** PROBLEM REQUIREMENTS **
The whole listing, pictures aside, should be reproduced exactly.

** DATASET EXTRACT **
☆ ☆ ☆ ☆ ☆

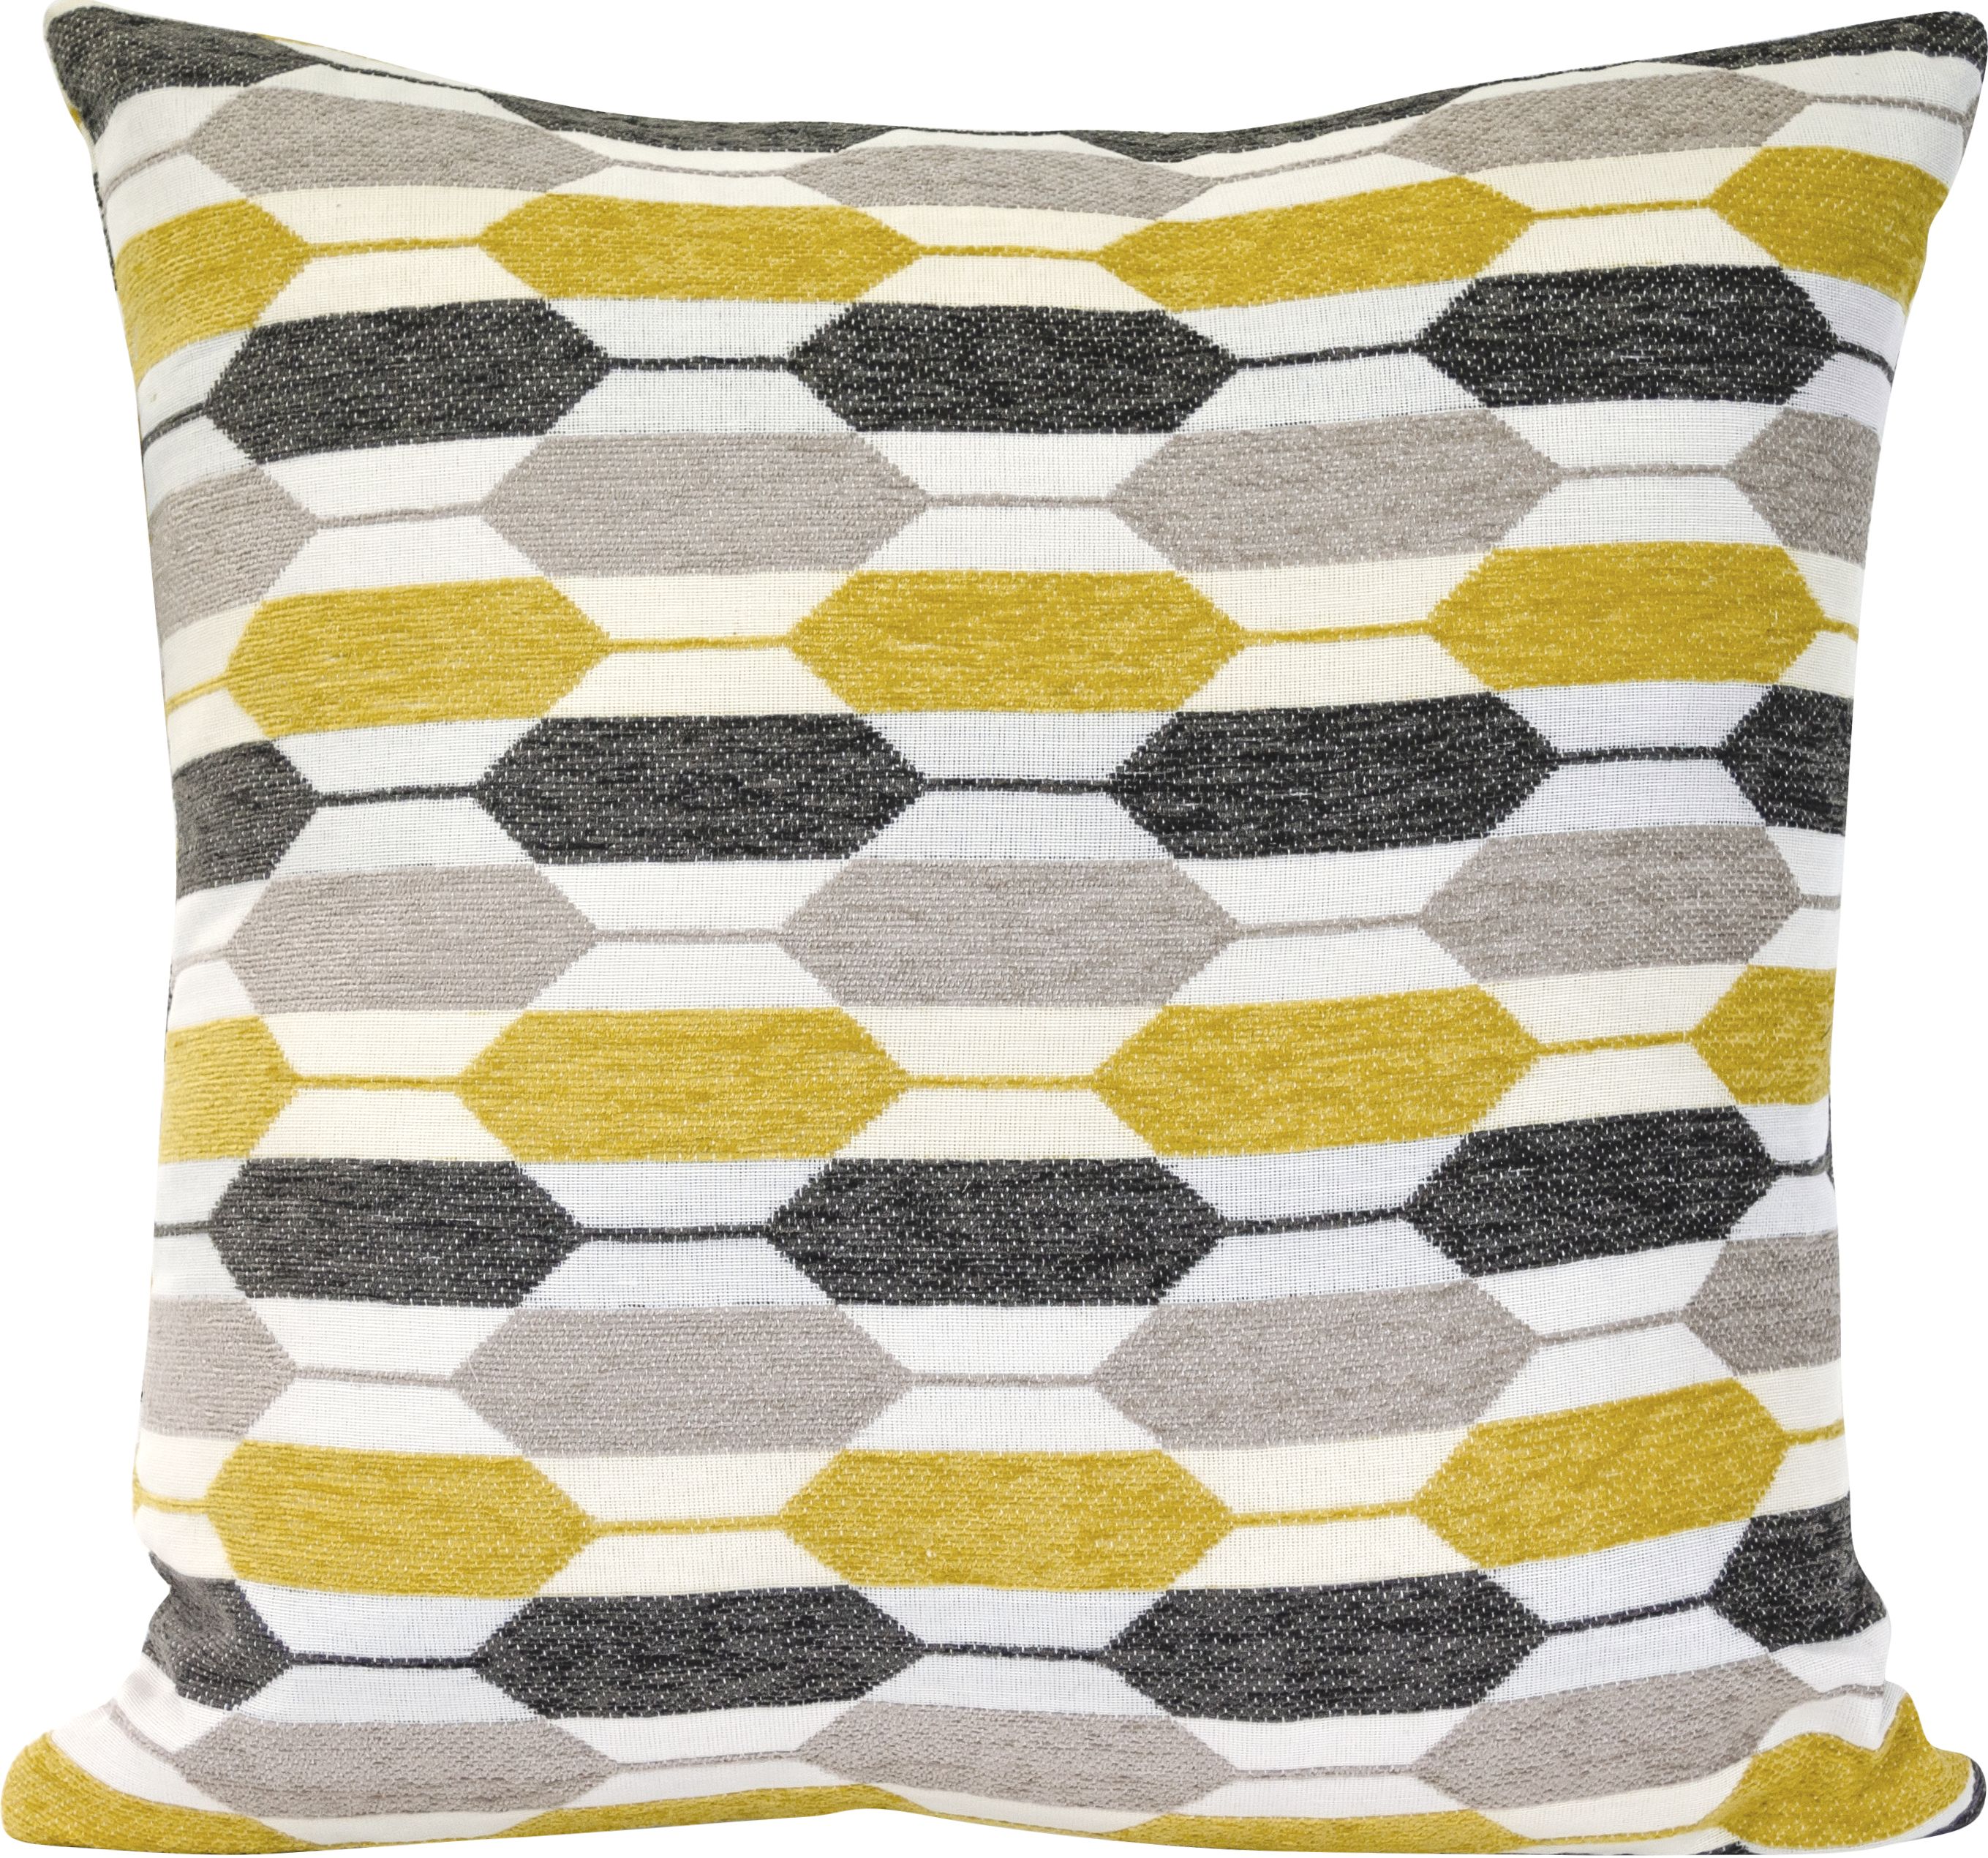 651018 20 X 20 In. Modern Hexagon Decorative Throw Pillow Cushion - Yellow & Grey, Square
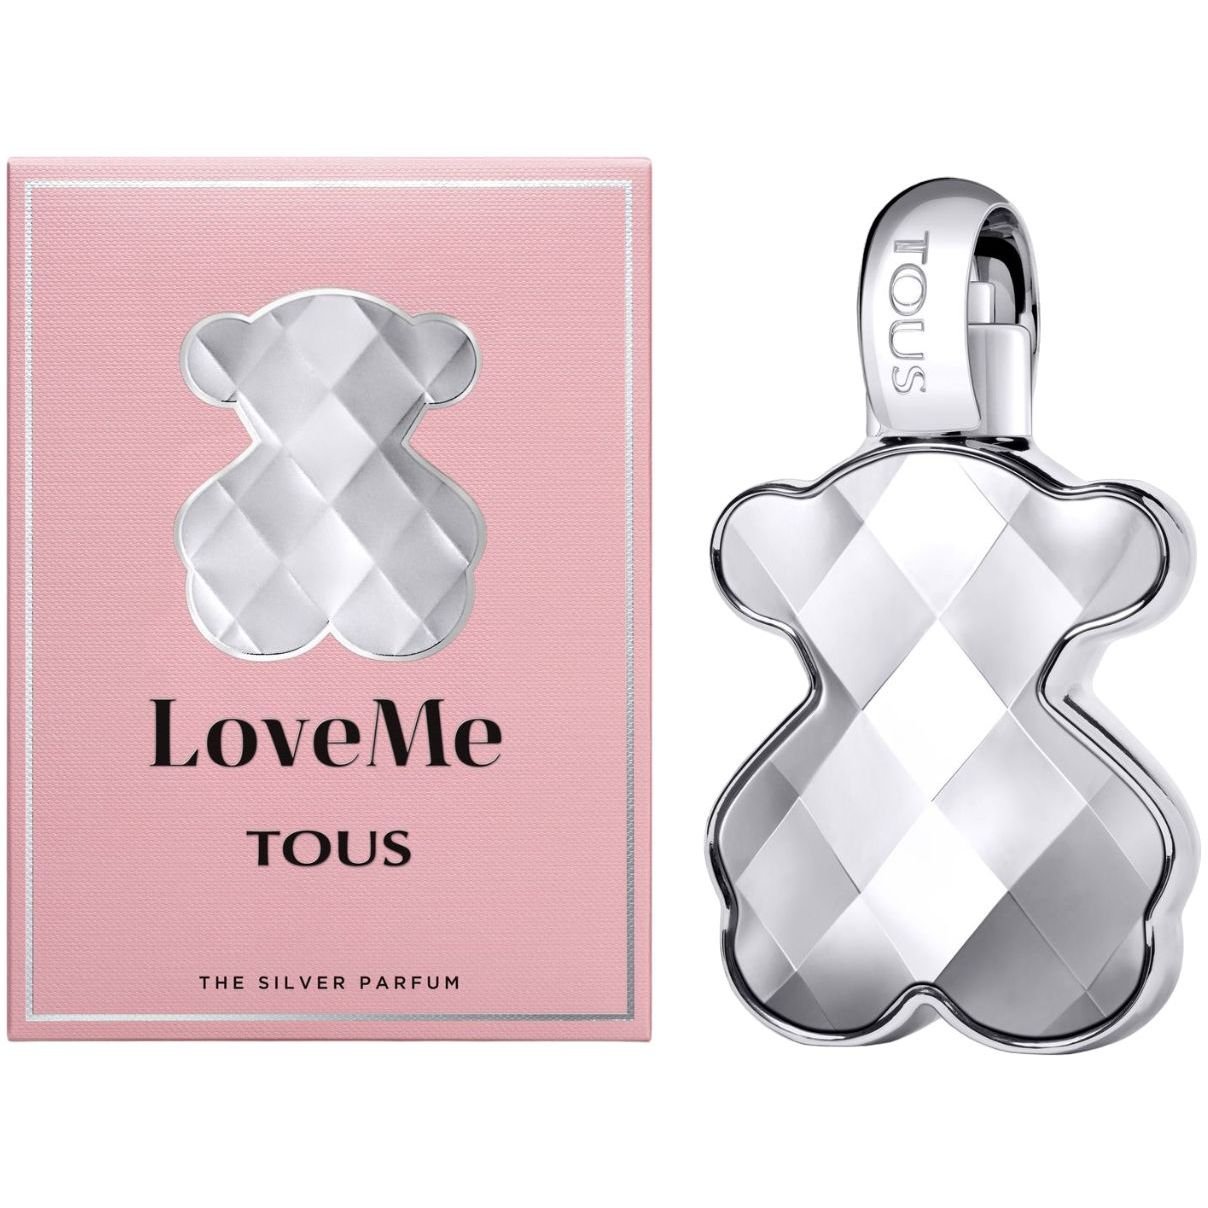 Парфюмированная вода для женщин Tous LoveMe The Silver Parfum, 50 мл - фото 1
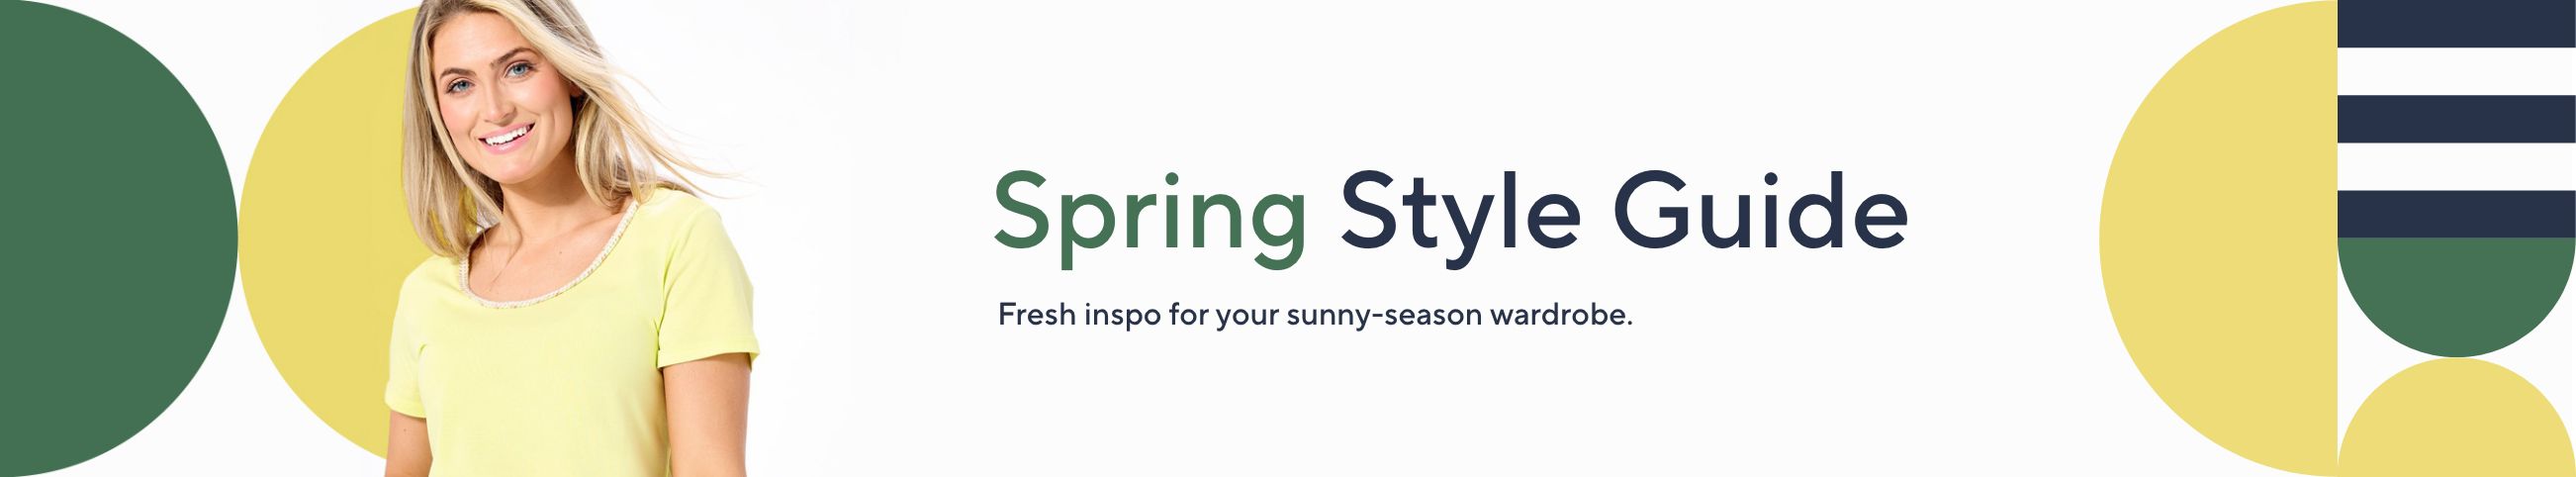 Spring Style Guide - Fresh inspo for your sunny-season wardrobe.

☆ ☆ ☆ ☆ ☆

** SOLUTION TO THE EXERCISE **
 651018 20 X 20 In. Modern Hexagon Decorative Throw Pillow Cushion - Yellow & Grey, Square
 Парфюмированная вода для женщин Tous LoveMe The Silver Parfum, 50 мл - фото 1
 Spring Style Guide - Fresh inspo for your sunny-season wardrobe.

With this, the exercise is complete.